This study evaluates the performance of six feature selection algorithms on different datasets and studies the impact of different population sizes on algorithm performance. The experimental results show that when the population size is 25 and 50, CSA shows good stability and computational efficiency on the combined dataset, and WOA shows good computational efficiency on the Framingham dataset. Through weighted evaluation indicators, the study found that RF, XGBoost, AdaBoost, and KNN models perform well on the combined dataset, while the NB model performs poorly. On the Framingham dataset, the KNN model performs best, but the results are slightly different from those of Atimbire et al., which may be related to the number of iterations and model parameter settings. Finally, the study concludes that for balanced data, swarm intelligence algorithms can quickly find the global optimal solution, but they perform relatively poorly in unbalanced datasets.
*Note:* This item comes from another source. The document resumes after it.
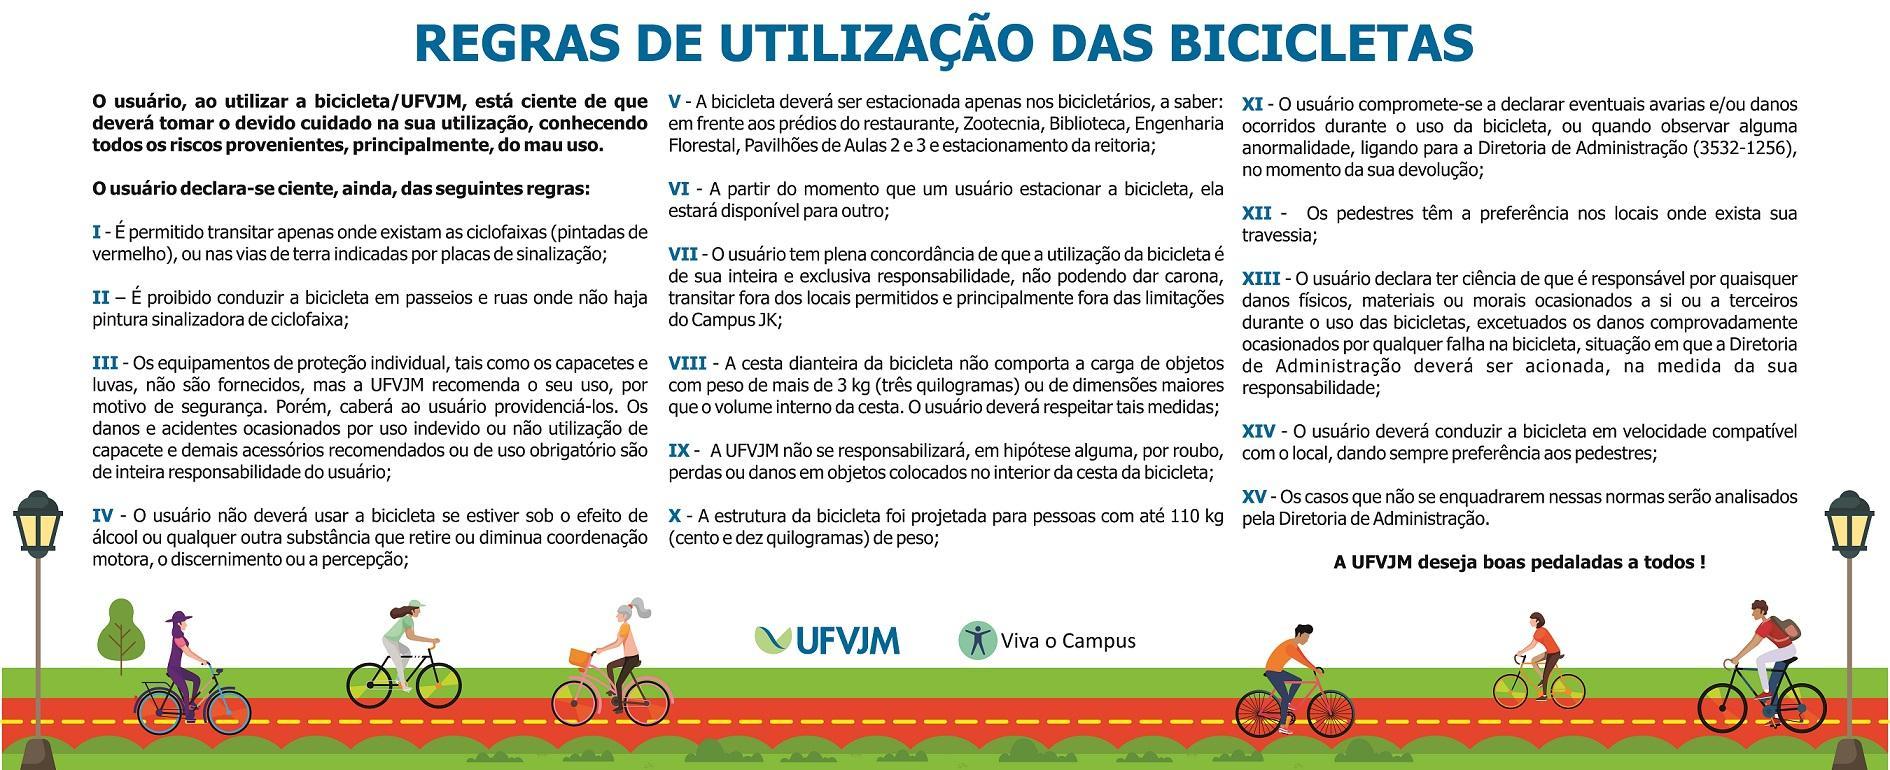 Regras de utilização das bicicletas

This study has several limitations that deserve further discussion. First, it focuses on the research scope of CVDs. Although in-depth, it limits the wide applicability of the research results in the broad field of biomedicine to a certain extent. Secondly, since multimodal data sets (such as heart sound signals and medical images) were not included in the study, valuable opportunities for a deep understanding of disease mechanisms may have been missed, and further improvements in diagnostic accuracy may have been weakened. Furthermore, in terms of experimental design, the verification process of multiple feature selection algorithms was limited to 50 iterations. This limitation may hinder the full optimization of results and potentially impact their stability, thus restricting the overall evaluation of the algorithm’s performance.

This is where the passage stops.